口蹄疫のニュースがテレビや新聞を賑わしている。しかし、読者の皆さんは口蹄疫を報じるニュースの中で必ず出てくる次のフレーズを聞いて安心していないだろうか。

人への感染はない、その安心が感染広げる

英で口蹄疫発生、首相が緊急会議を招集

2007年英国で発生した口蹄疫で、処分した牛を運ぶトラックを消毒する作業員〔AFPBB News

 「口蹄疫は人には感染しません」「口蹄疫に感染した牛の肉を食べても健康に害はありません」

 メディアはまず国民の健康への安全と風評被害の防止を第一に考えているので、こうした報道が必ずなされるのは仕方がない。しかし、実はこの「安心」こそ口蹄疫にとっては最も厄介な問題なのだ。

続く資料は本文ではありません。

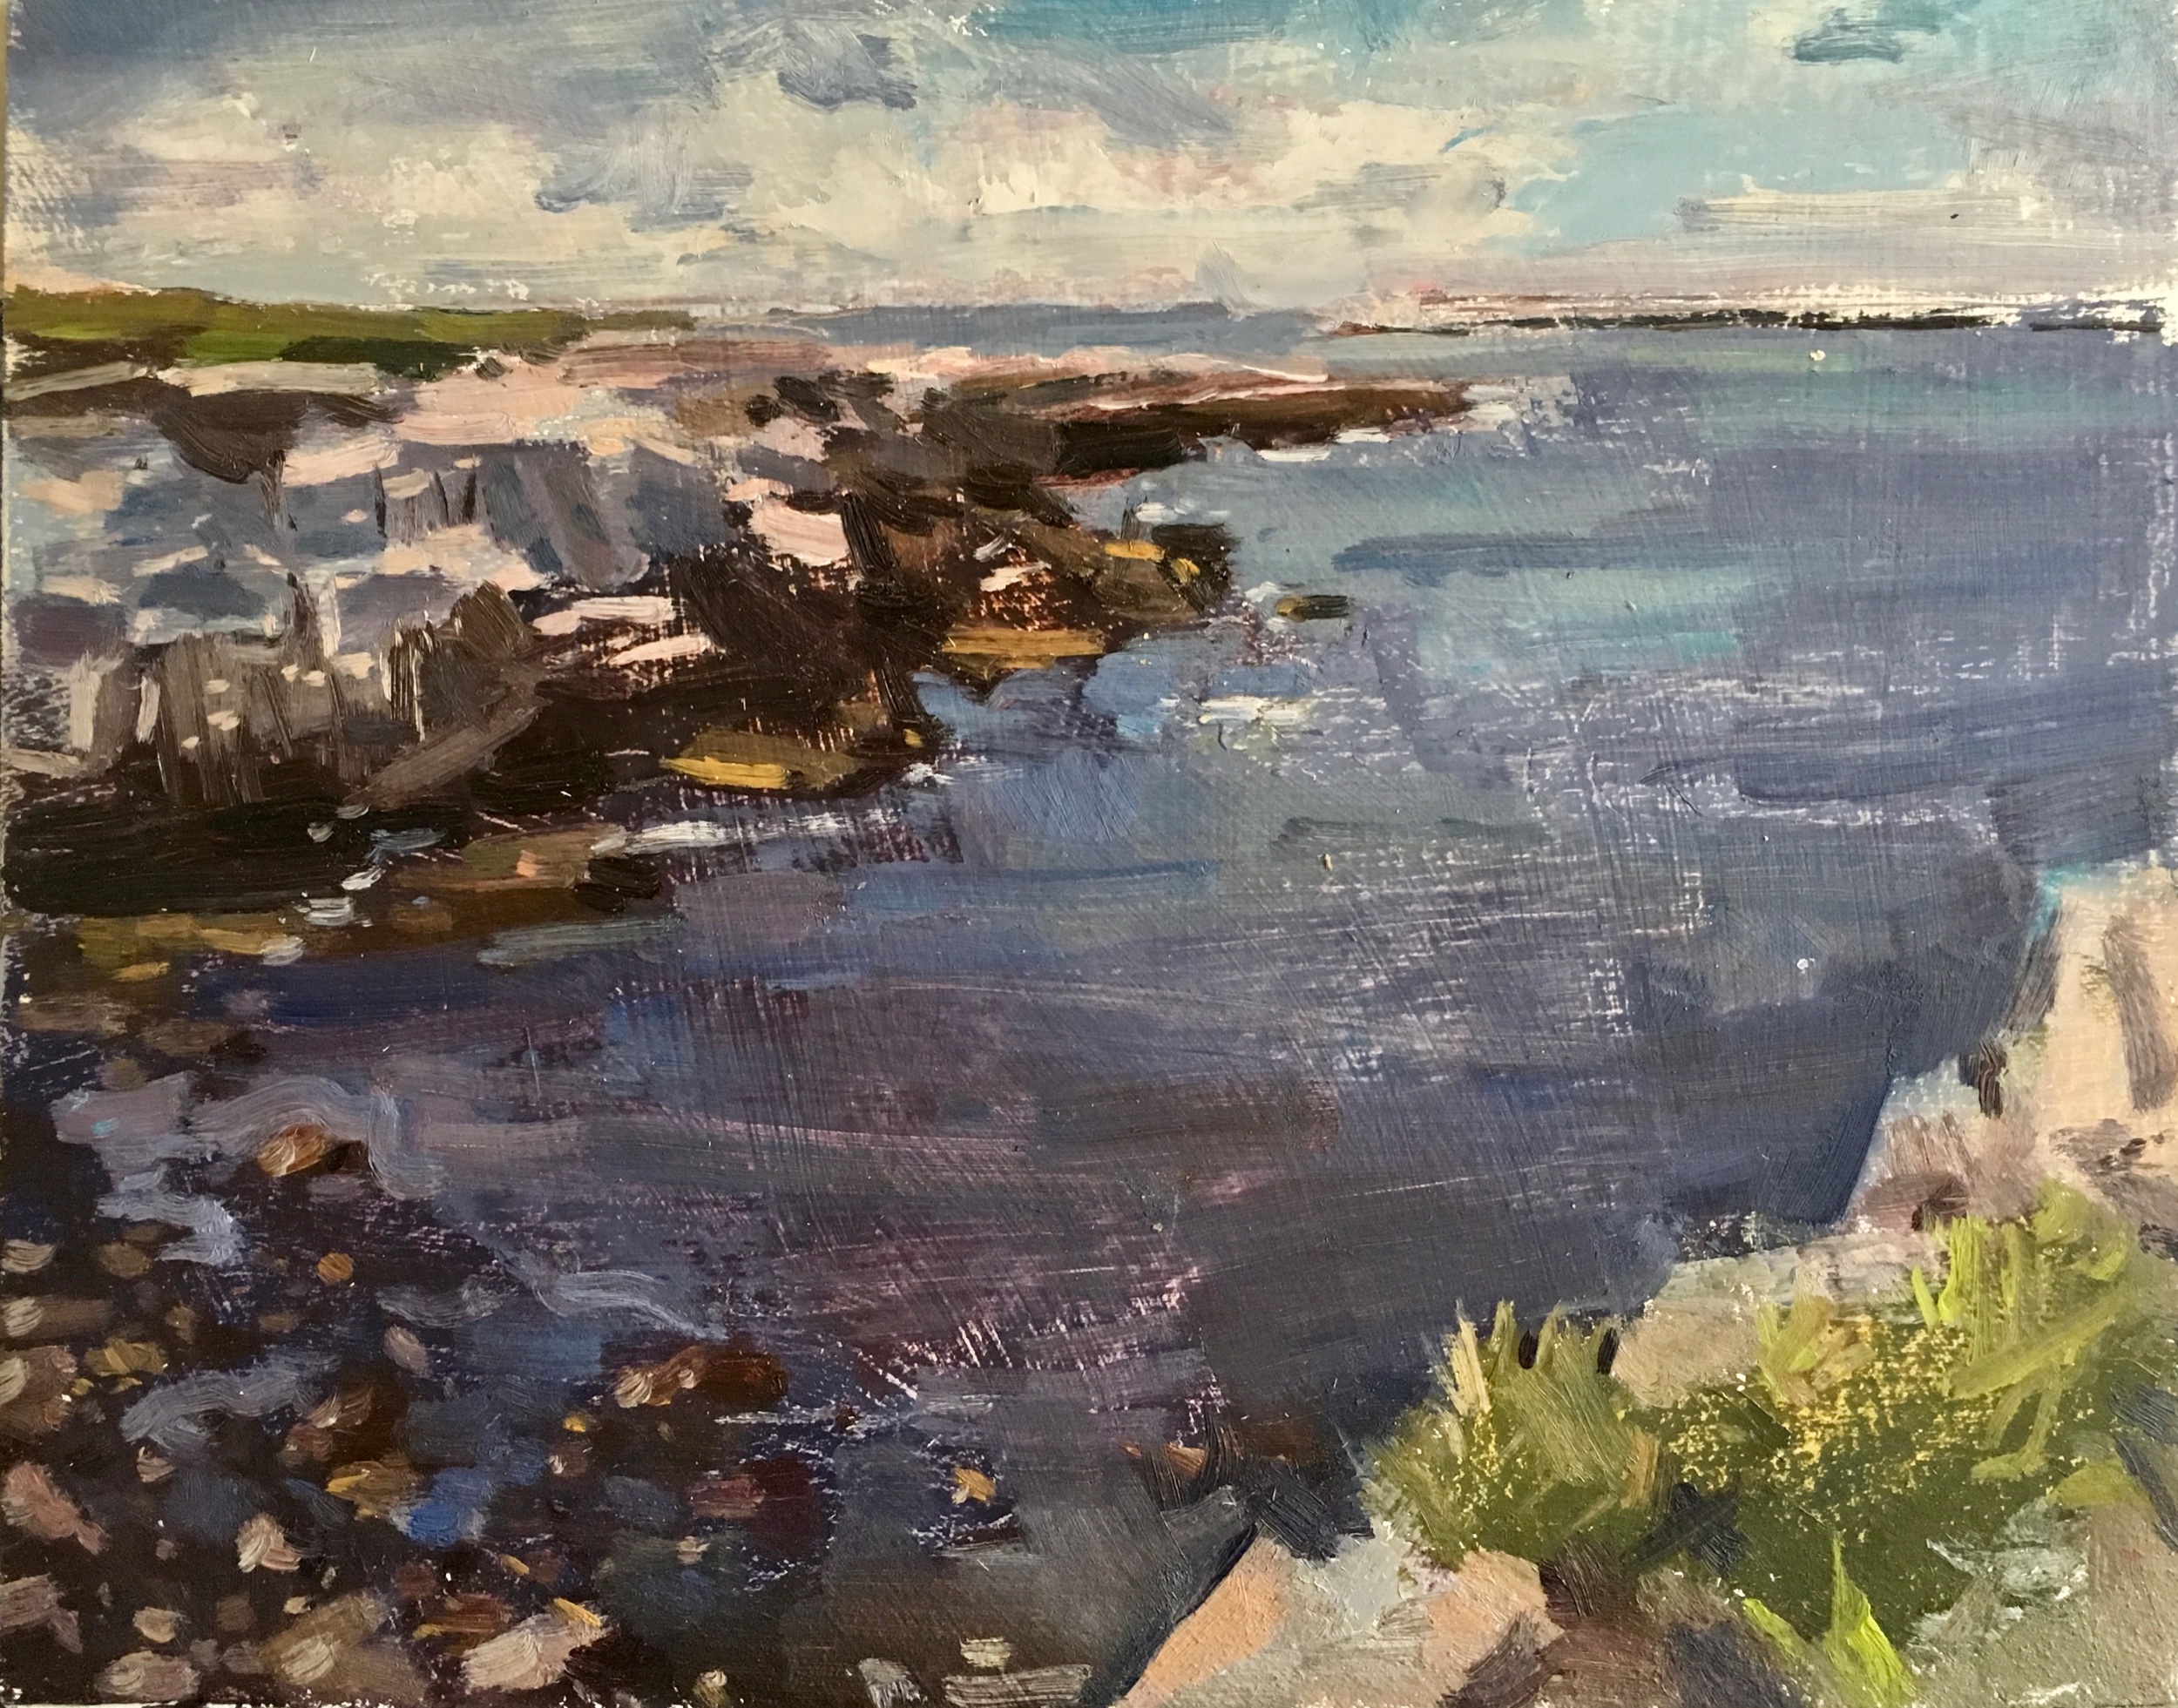 Broad Cove, oil on panel, 8x10”, 2019

 胸に手を当てて考えてほしい。「口蹄疫は牛海綿状脳症(BSE)と違って人間に感染しないのだから、大した問題ではないんだな」と思っている方がほとんどではないだろうか。

 そう思った瞬間、人間の常として、問題は他人事になり被害は対岸の火事と化す。あとは専門家に任せておけばいいと考える。しかし、他人事と思ってしまった自分が口蹄疫ウイルスの運び屋「Carrier=キャリアー」になる危険性が高いことまでは、考えが及ばないだろう。

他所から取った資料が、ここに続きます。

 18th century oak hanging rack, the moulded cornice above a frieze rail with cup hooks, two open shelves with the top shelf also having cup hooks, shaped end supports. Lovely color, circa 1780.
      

 口蹄疫ウイルスは家畜から家畜へと感染していくが、家畜同士が直接に接しないところでは人間が伝染の仲立ちをする。口蹄疫にかかった家畜のウイルスが人間の衣服や皮膚につき、それが遠くまで運ばれて別の家畜に感染するからだ。

愚かにもお付きとメディアを連れて現地視察

 ウイルスが人間に甚大な被害を及ぼす場合には、人間は感染した家畜に近づかないのでキャリアーとなる可能性は小さい。しかし、自分には無害となると平気で家畜に近づき、自分では気づかないうちにキャリアーとなっている。

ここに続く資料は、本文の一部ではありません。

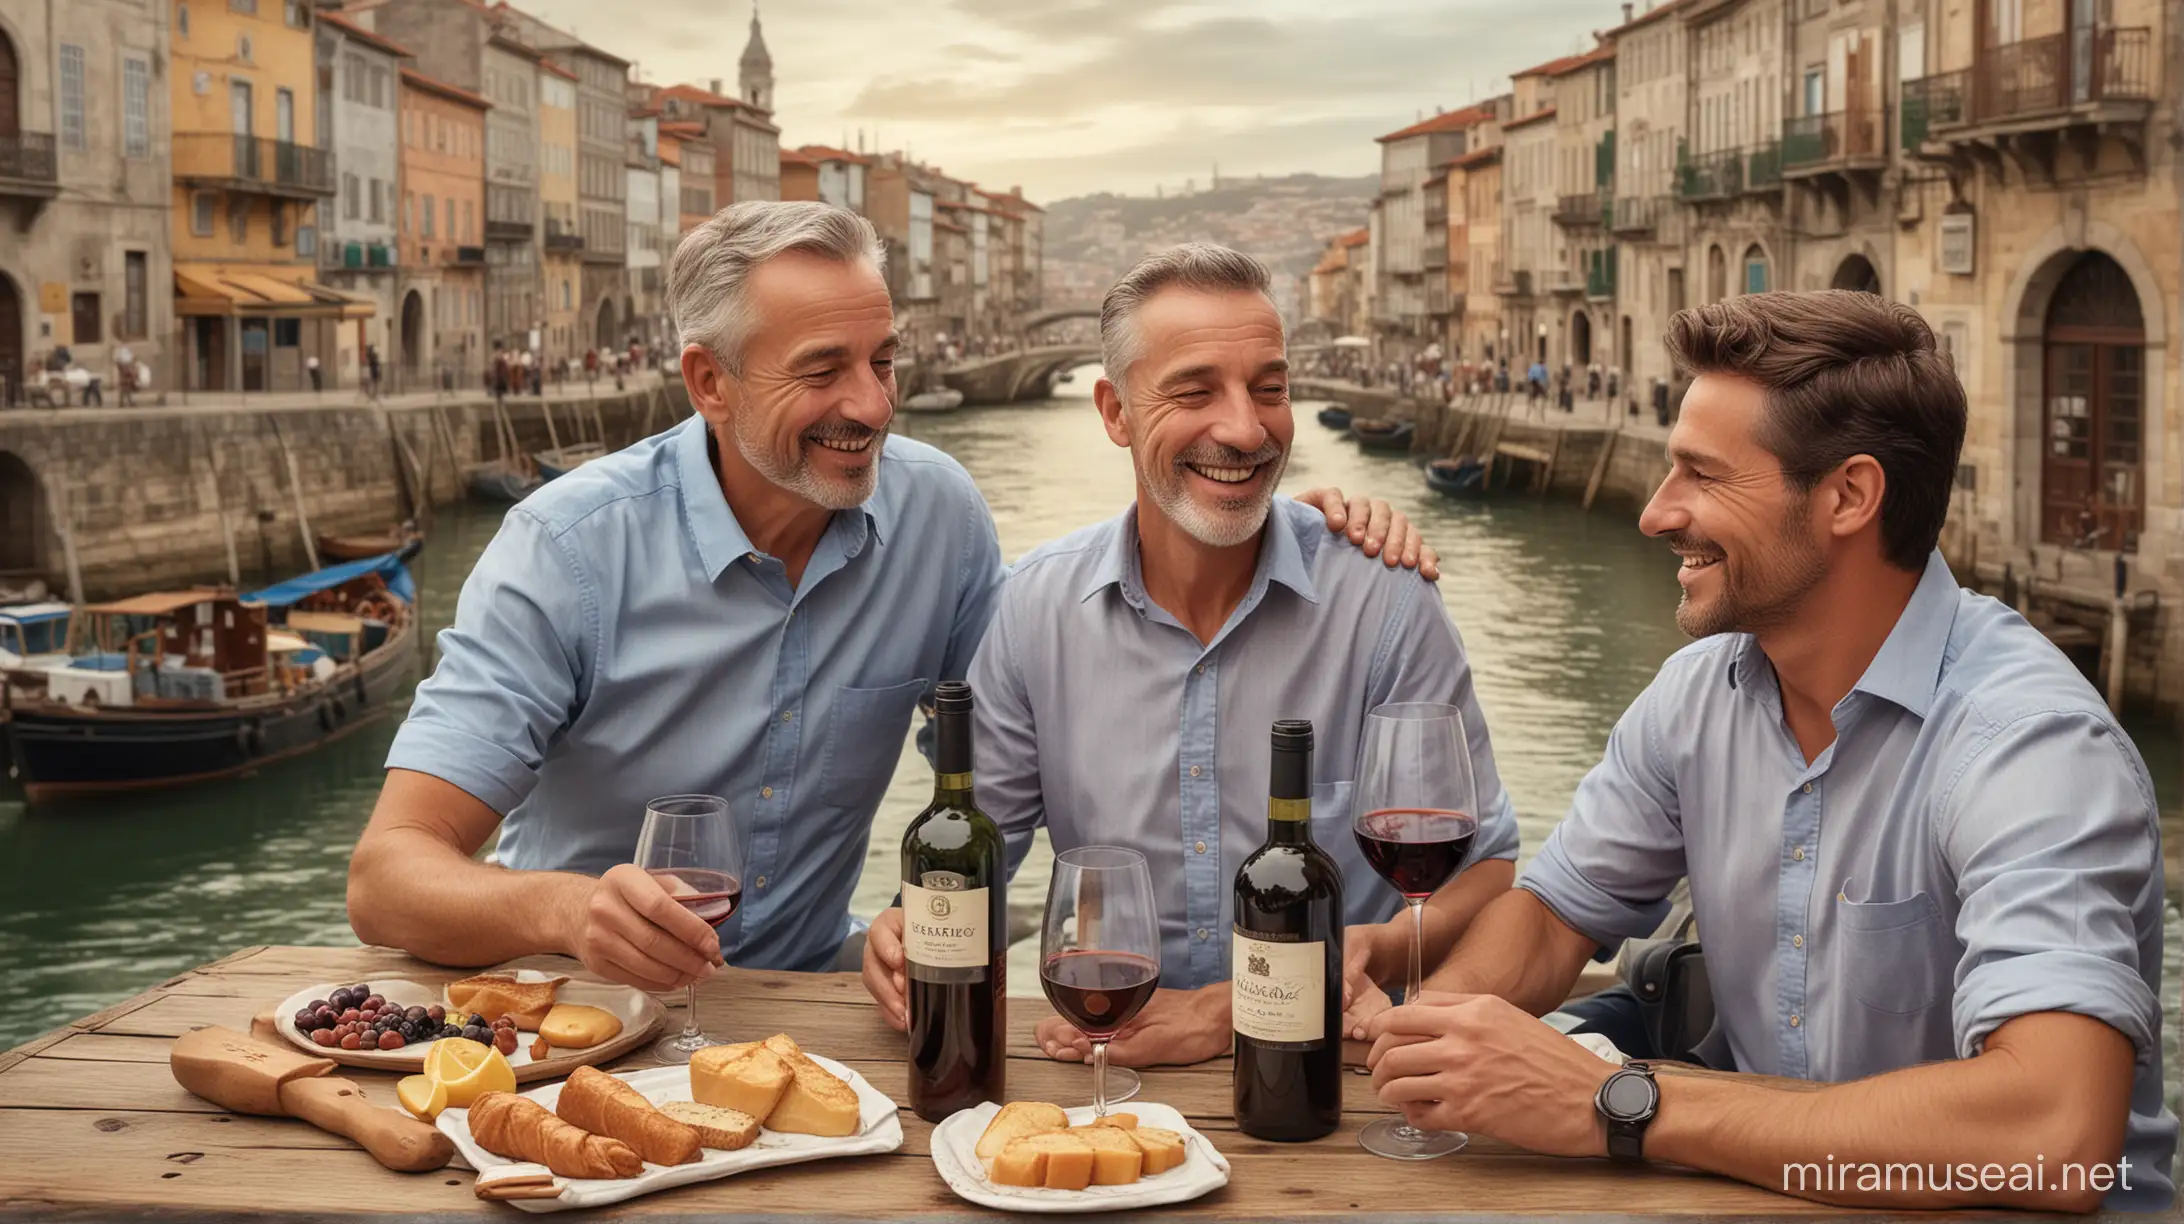 dreamy hyper realistic vacation picture with a dad celebrating his 60th birthday and his two sons in Porto, Lisbon with lots of port wine

 今回、宮崎県で口蹄疫が発生した直後、政府や獣医、専門家たちがどんな対応を取ったのかを振り返るだけでもそれが分かる。現地視察と称して、農林水産大臣をはじめ政府の高官たちが現地を視察した。また、海外の汚染地域にまで視察に赴いた人たちがいる。そのお付きの人たちやマスコミを含めると非常に多くの人たちが、無邪気に汚染地域に足を踏み入れているのだ。

 自分に甚大な被害が予想されるウイルスだったら、果たして視察に行ったのだろうか。現地の慰安も含めてぜひ行きたいと言っても、周りが止めたに違いない。感染が広がる危険性が高まるからだ。

 しかし、家畜だけの被害ということで、政治的パーフォーマンスを発揮できるチャンスと考えたのかは知らないが、大挙して汚染地域を視察することになった。